Jill began to pace the room. “I’ve sinned, you’ve sinned. Everyone has. We’re all equal. What sets us apart is how we live with our sins. I’ve done the best I could. And now I find it’s not good enough. Not good enough to erase what happened….”

“Did Richard know? About San Diego?”

“No. I mean, yes, in the end. He found out. But it didn’t matter to him—”

“It didn’t matter that you killed a man?”

“He understood the circumstances. Richard was good that way.” She let out a shaky laugh. “After all, he himself wasn’t above a little sinning.”

Miranda paused, gathered the courage for her next question. “You had an affair with him, didn’t you?”

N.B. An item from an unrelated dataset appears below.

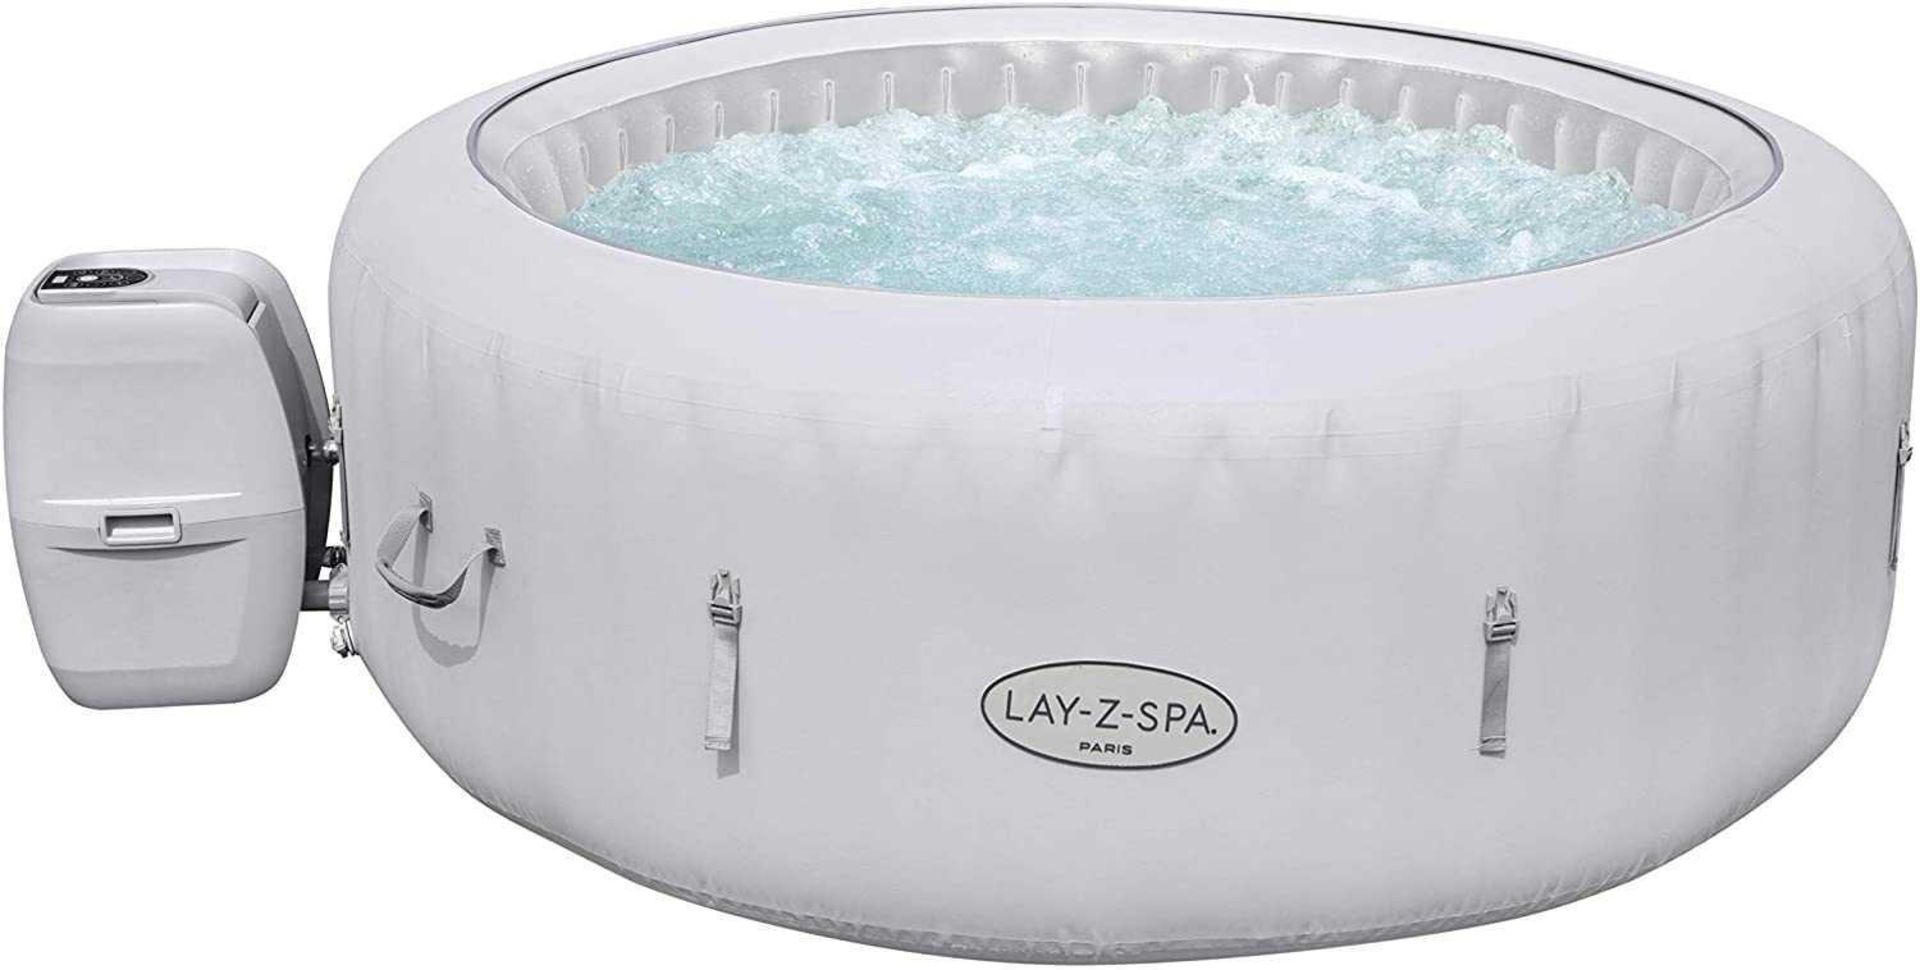 RRP £500 Boxed/Unboxed Lay-Z-Spa Paris Hot Tub With Built In Led Light System(Sp)

Jill’s response was a careless shrug. “It didn’t mean anything. It was years ago. You know, the new girl on the block. He got over it.” She snapped her fingers. “Just like that. We stayed friends. We understood each other.” She stopped pacing and turned to look at Miranda. “Now Lorne wants to know where I was the night Richard was killed. He’s asking
me
to come up with an alibi! You’re casting the blame all around, aren’t you? To hell with who gets hurt. You just want off the hook. Well, sometimes that’s not possible.” She moved closer, her gaze fixed on Miranda, like a cat’s on a bird. Softly she said, “Sometimes we have to pay for our sins. Whether it’s an indiscreet affair. Or murder. We pay for it. I did. Why can’t you?”